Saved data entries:
::::
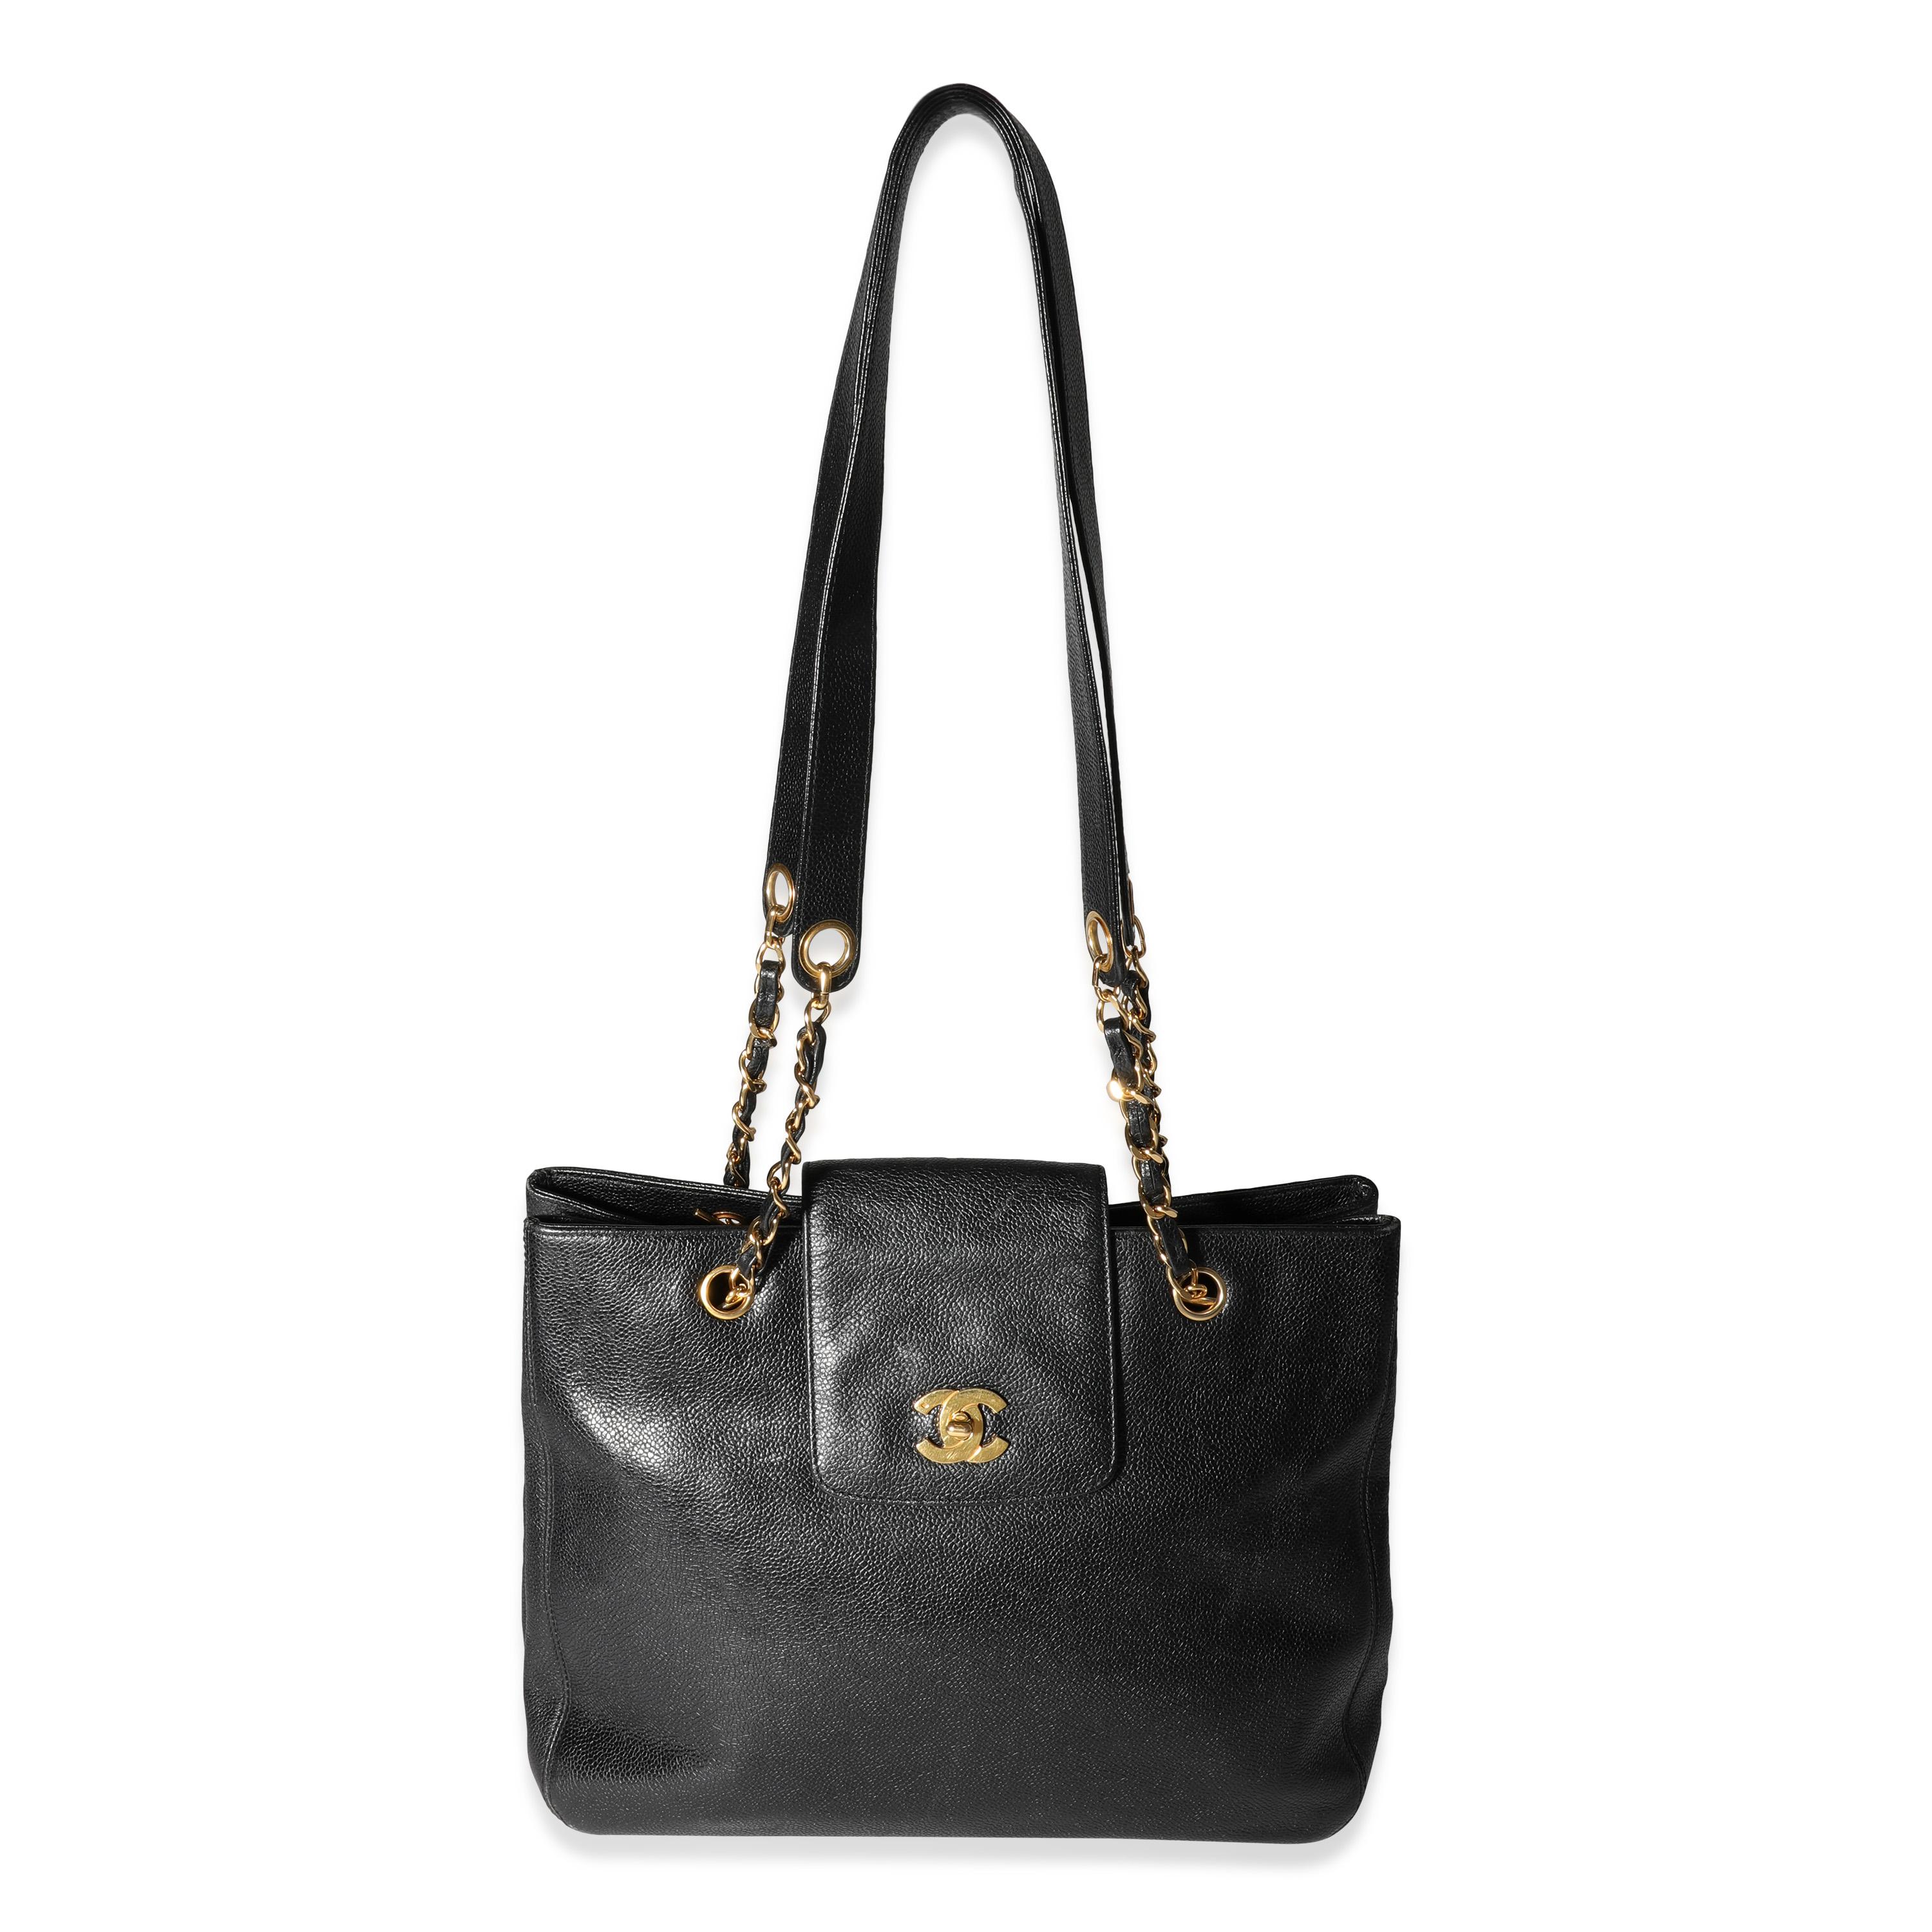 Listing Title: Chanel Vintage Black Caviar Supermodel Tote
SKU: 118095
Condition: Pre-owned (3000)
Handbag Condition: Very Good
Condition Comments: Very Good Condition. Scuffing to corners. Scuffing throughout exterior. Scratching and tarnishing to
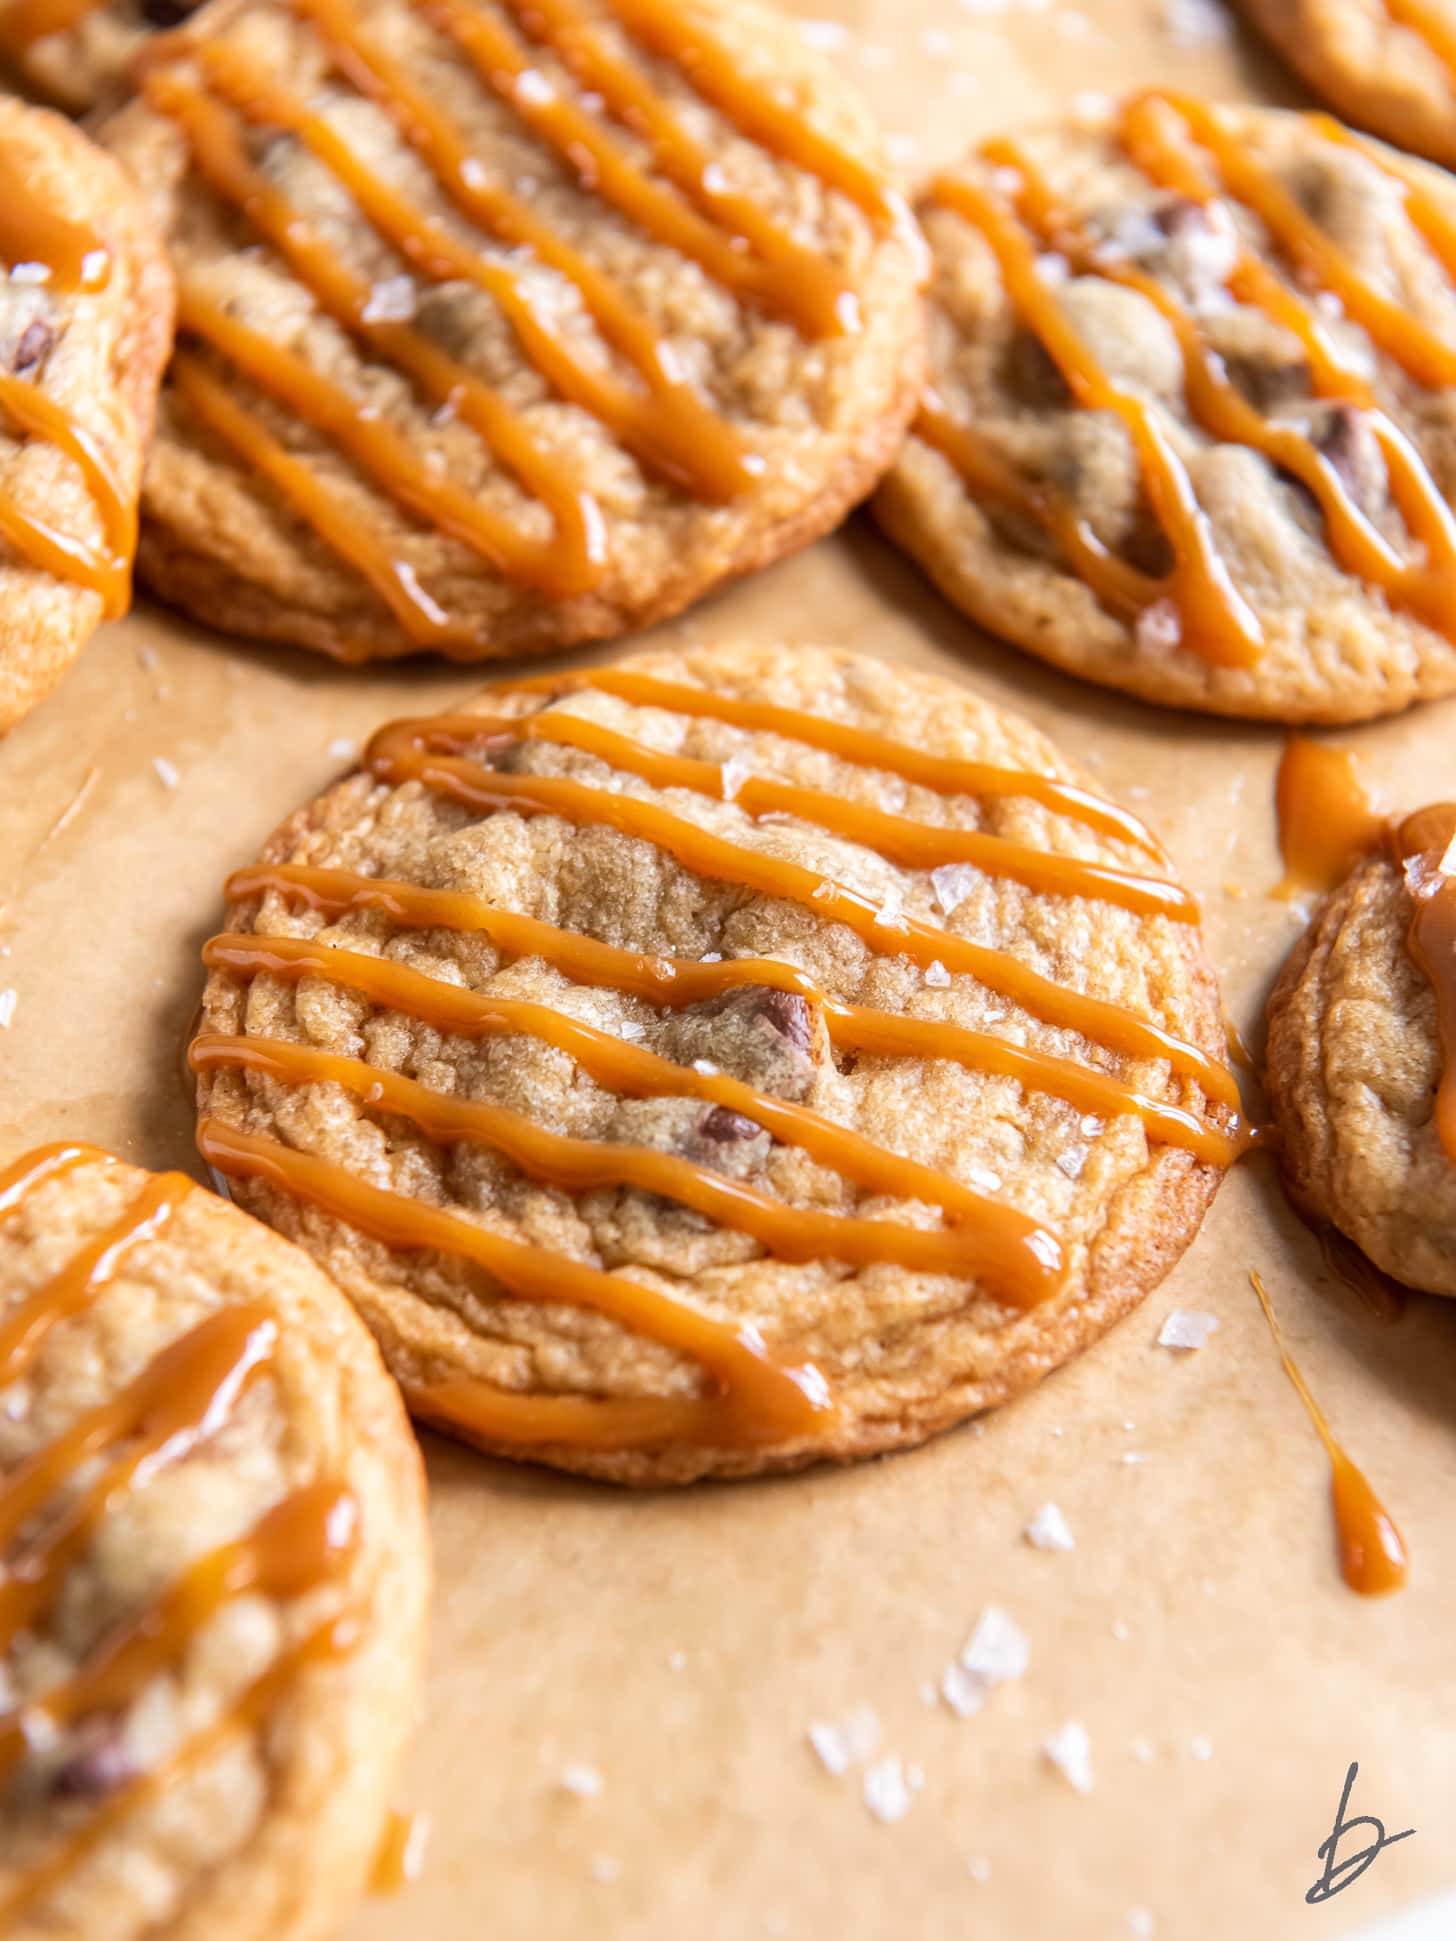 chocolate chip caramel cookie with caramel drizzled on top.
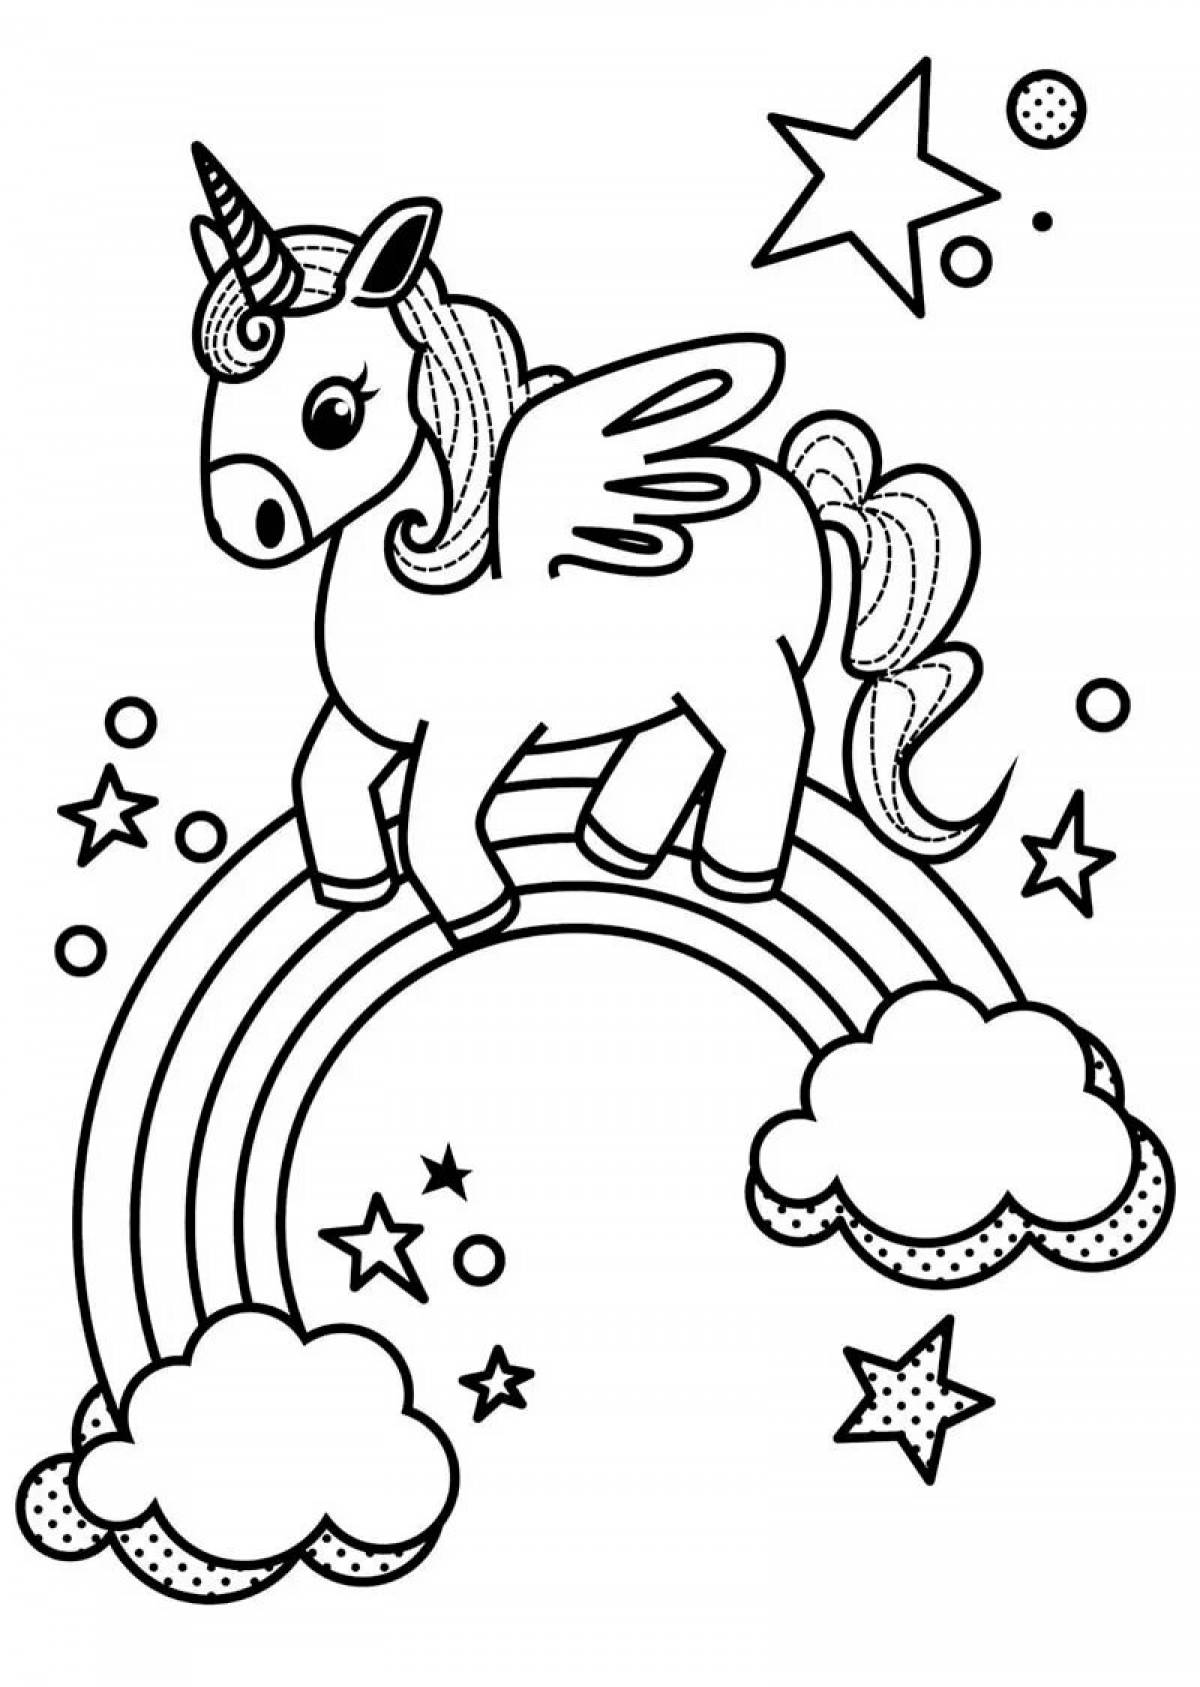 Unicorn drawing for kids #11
::::
* What to work on
Apart from the pictures, the entries above are to be repeated in full and exactly.

* Written solution
 Listing Title: Chanel Vintage Black Caviar Supermodel Tote
SKU: 118095
Condition: Pre-owned (3000)
Handbag Condition: Very Good
Condition Comments: Very Good Condition. Scuffing to corners. Scuffing throughout exterior. Scratching and tarnishing to
 chocolate chip caramel cookie with caramel drizzled on top.
 Unicorn drawing for kids #11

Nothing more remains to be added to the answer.